— И добавьте в стакан чуточку бренди! — крикнула Нэнни вслед Шимоне. — Это придаст хозяину силы — он ведь так ничего и не покушал.
Возвращаясь в спальню, Шимона услышала, как отец снова раскашлялся.
Возможно, просто оттого, что Нэнни потревожила его, когда брила и умывала, но, как бы то ни было, душераздирающий кашель сотрясал все тело отца.
На этот раз приступ длился очень долго, а когда Бардсли отнял ото рта платок, там было гораздо больше крови, чем раньше. Шимона и Нэнни обменялись испуганными, встревоженными взглядами.
Наконец обессиленный Красавец Бардсли в изнеможении откинулся на подушки, и Шимону вновь поразили его смертельная бледность и затрудненное дыхание.
В этот момент раздался стук в дверь. Шимона поняла, что это доктор Лесли.
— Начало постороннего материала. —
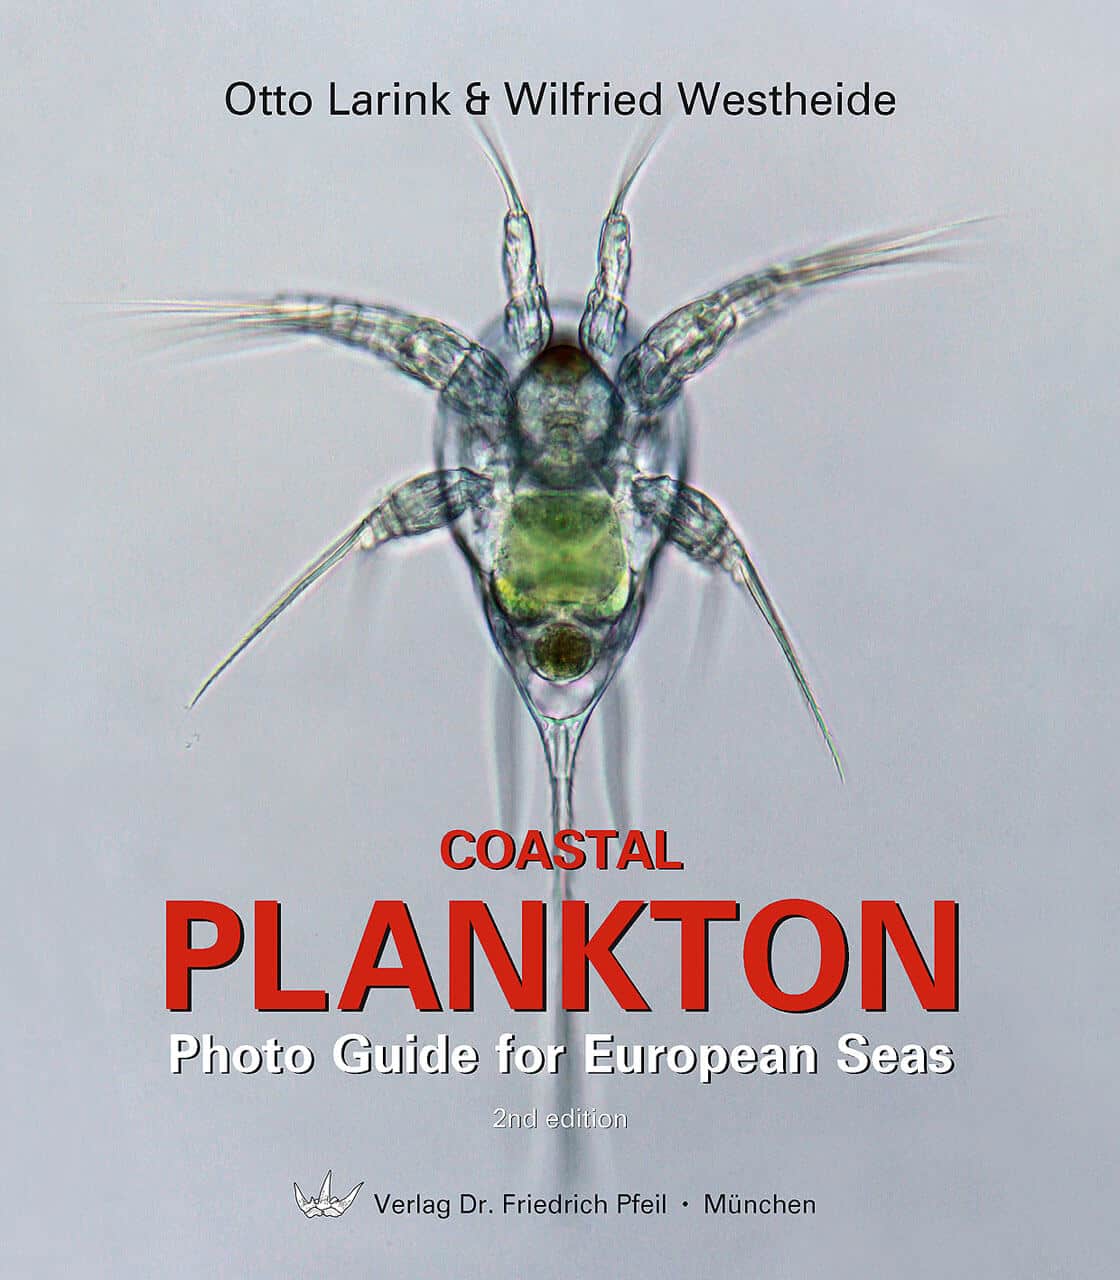 Coastal Plankton - Dr. Friedrich Pfeil Publishing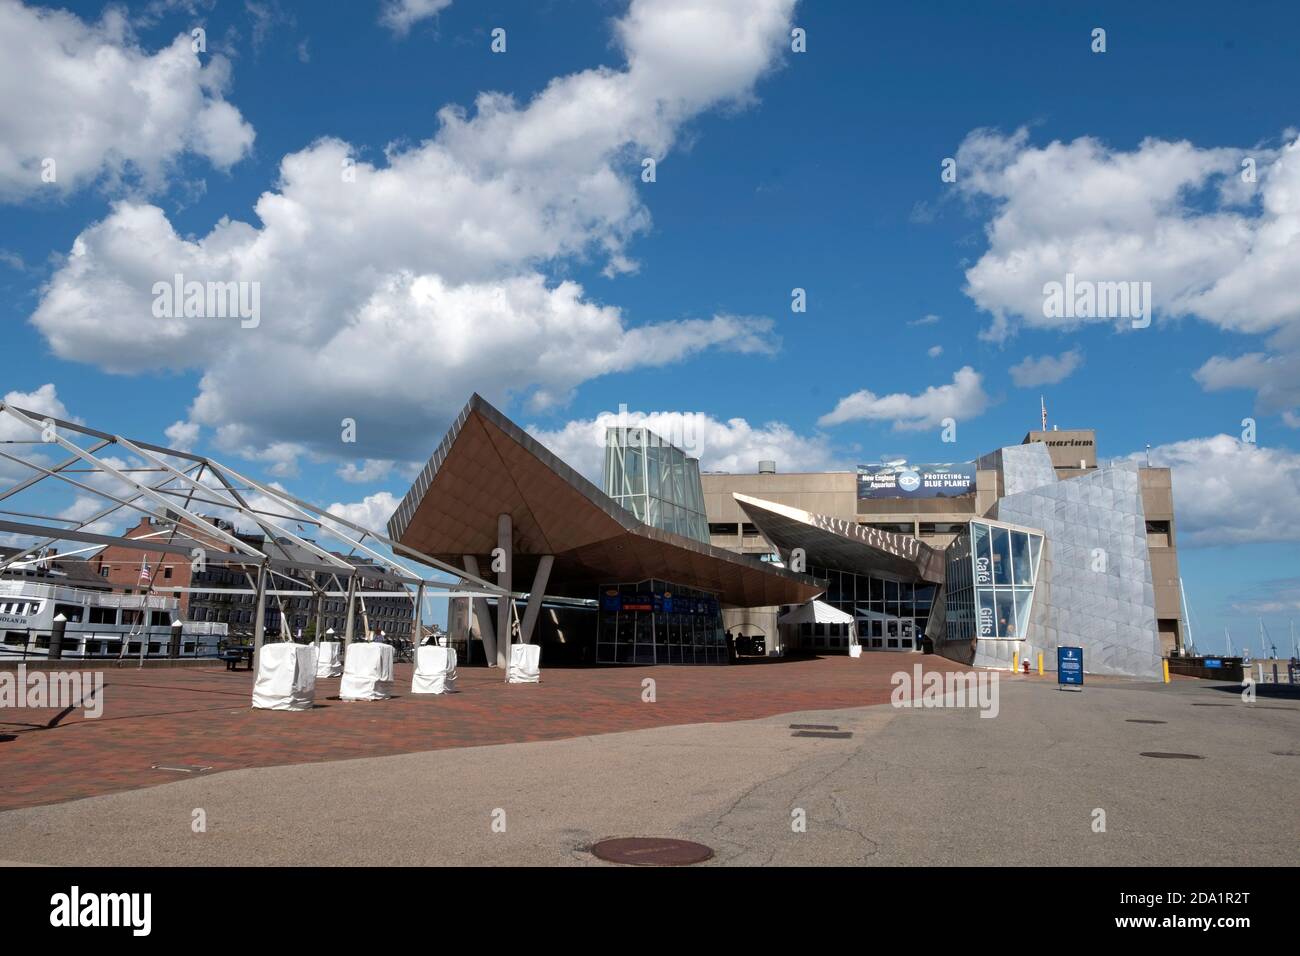 The New England Aquarium is a public aquarium located in Boston, Massachusetts, USA. 08/01/2020 Stock Photo

Она поспешила вниз. Увидев девушку, пожилой джентльмен с облегчением воскликнул:
— Как я рад вашему возвращению, дитя мое! Еще немного — и я собирался посылать за вами.
Он заметил, что при этих словах Шимона взглянула на него вопросительно, однако, не давая никаких объяснений, увлек девушку за собой в маленькую гостиную.
Но и там доктор продолжал хранить молчание, и Шимона рискнула заговорить сама:
— Я достала деньги. Как только папа немного окрепнет, мы сможем уехать за границу.
Доктор Лесли глубоко вздохнул и наконец тихо произнес:
— Я полагаю, Шимона, вам лучше знать правду. Ваш отец не в состоянии ехать куда бы то ни было. Как это ни прискорбно, моя дорогая, но вынужден признаться, что ничем не могу ему помочь!..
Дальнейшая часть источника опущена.